- Venue: Grand Palais Éphémère
- Location: Paris, France
- Date: 28 July 2024
- Competitors: 26 from 26 nations
- Website: Official website

Medalists
| gold medal | Diyora Keldiyorova (1st title) | Uzbekistan |
| silver medal | Distria Krasniqi | Kosovo |
| bronze medal | Larissa Pimenta | Brazil |
| bronze medal | Amandine Buchard | France |

Competition at external databases
- Links: IJF • JudoInside

= Judo at the 2024 Summer Olympics – Women's 52 kg =

The Women's 52 kg event in Judo at the 2024 Summer Olympics was held at the Grand Palais Éphémère in Paris, France on 28 July 2024.

==Summary==

This is the ninth appearance of the women's half lightweight category.

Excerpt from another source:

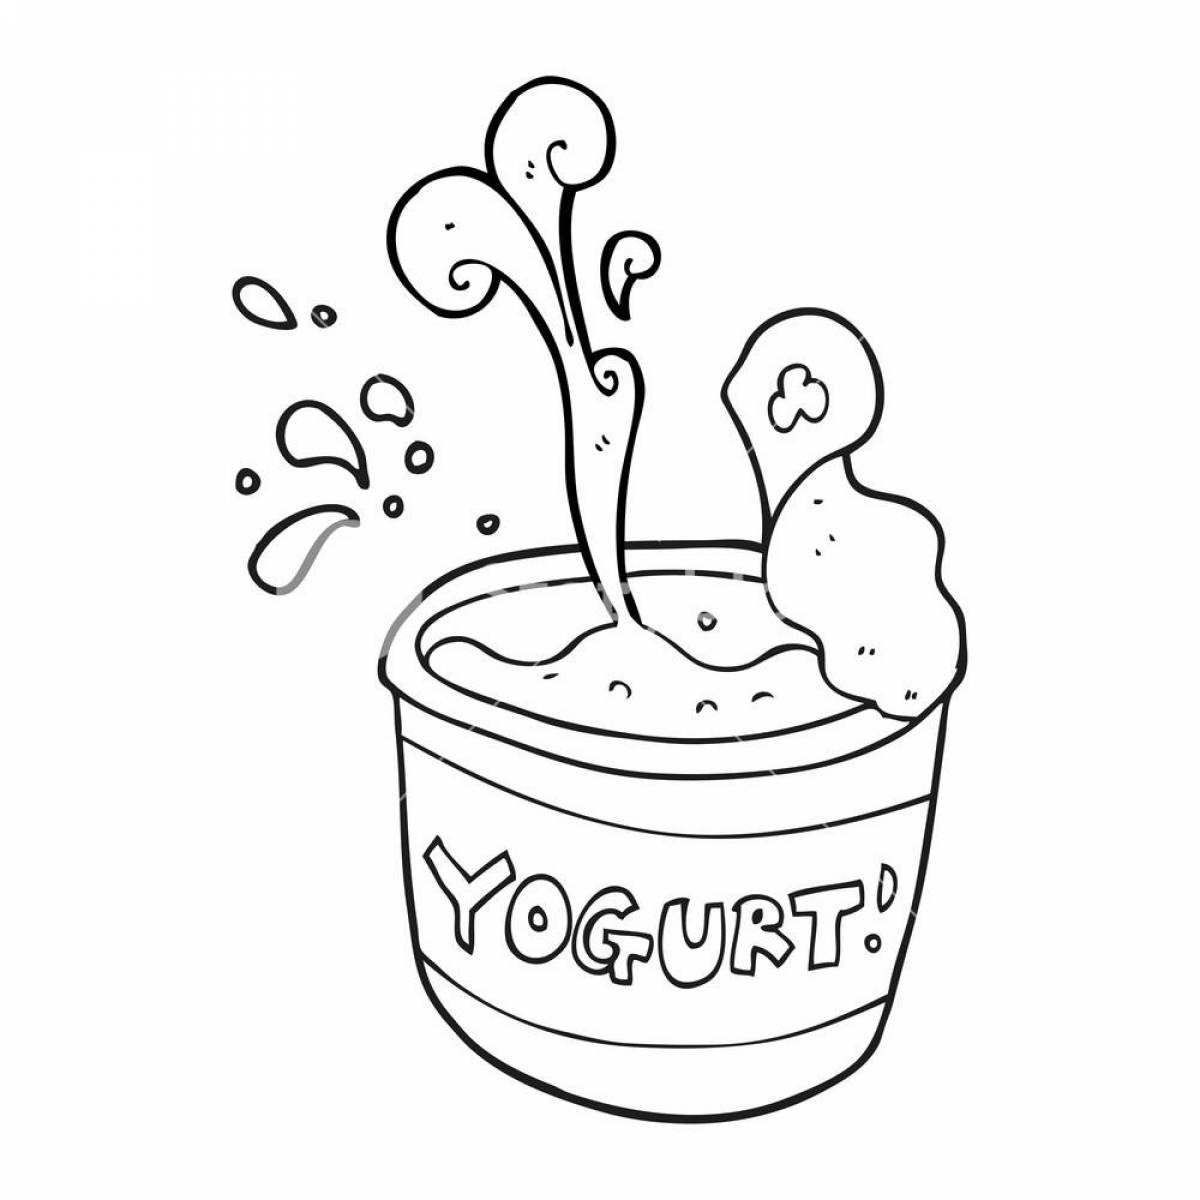 Fabulous yogurt coloring book
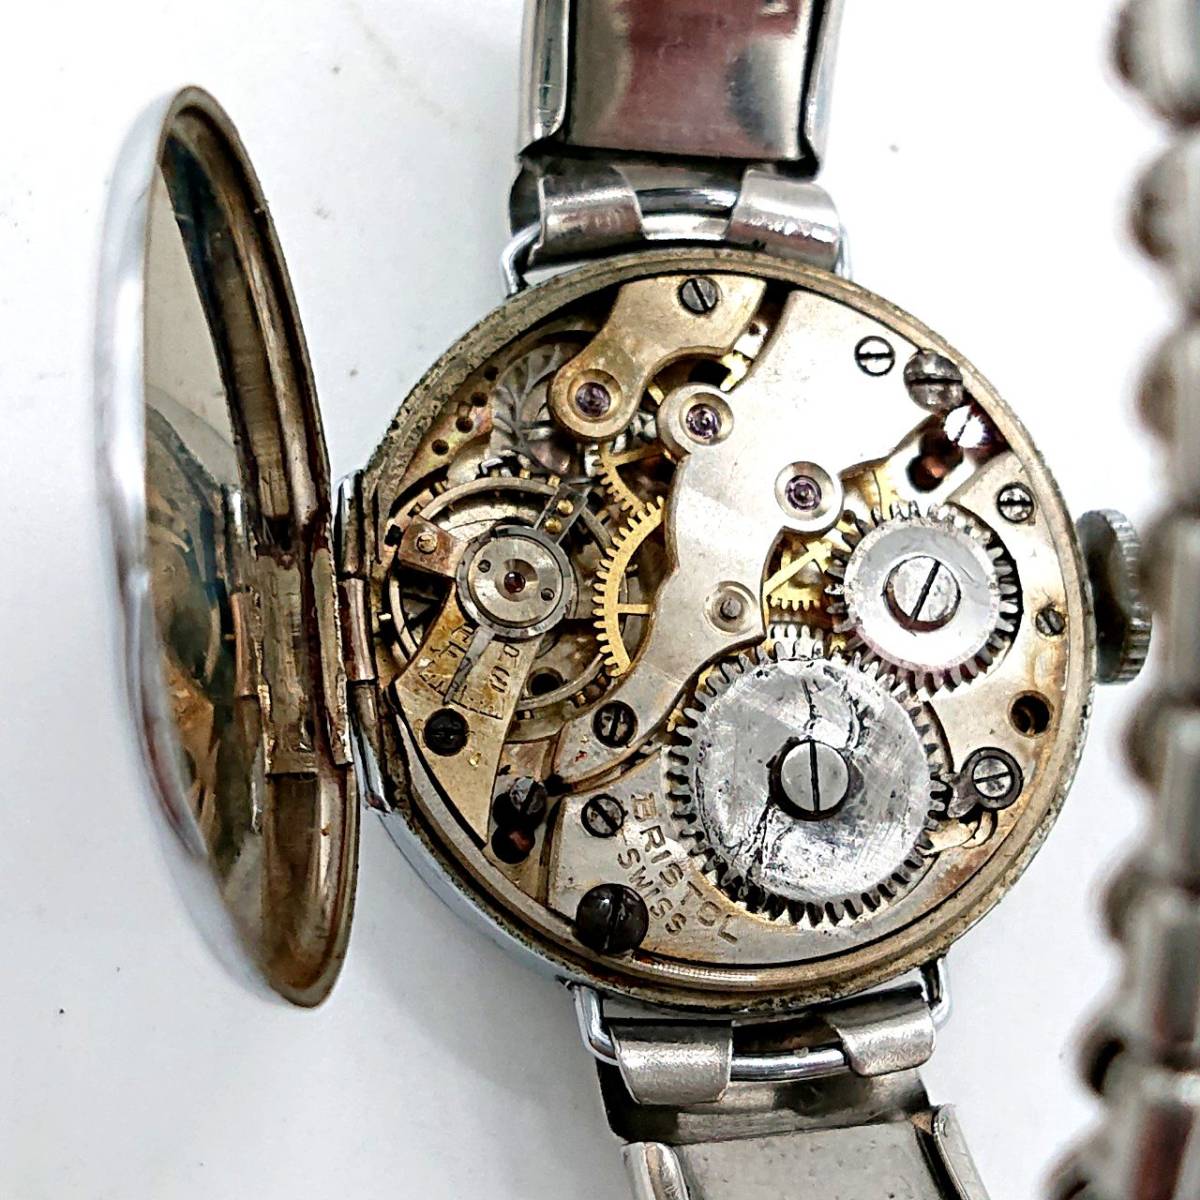 [ operation 0]BRISTOL Bliss toru self-winding watch wristwatch silver face 25 stone lady's

Uta Abe lost to eventual champion Diyora Keldiyorova, returning silver medalist Amandine Buchard lost to Keldiyorova, later, Buchard won a bronze medal by beating Réka Pupp, one of the bronze medalists, Odette Giuffrida lost to potentially silver medalist Distria Krasniqi, later, Giuffrida lost to Larissa Pimenta in the bronze medal match, and Chelsie Giles lost to potentially bronze medalist Larissa Pimenta.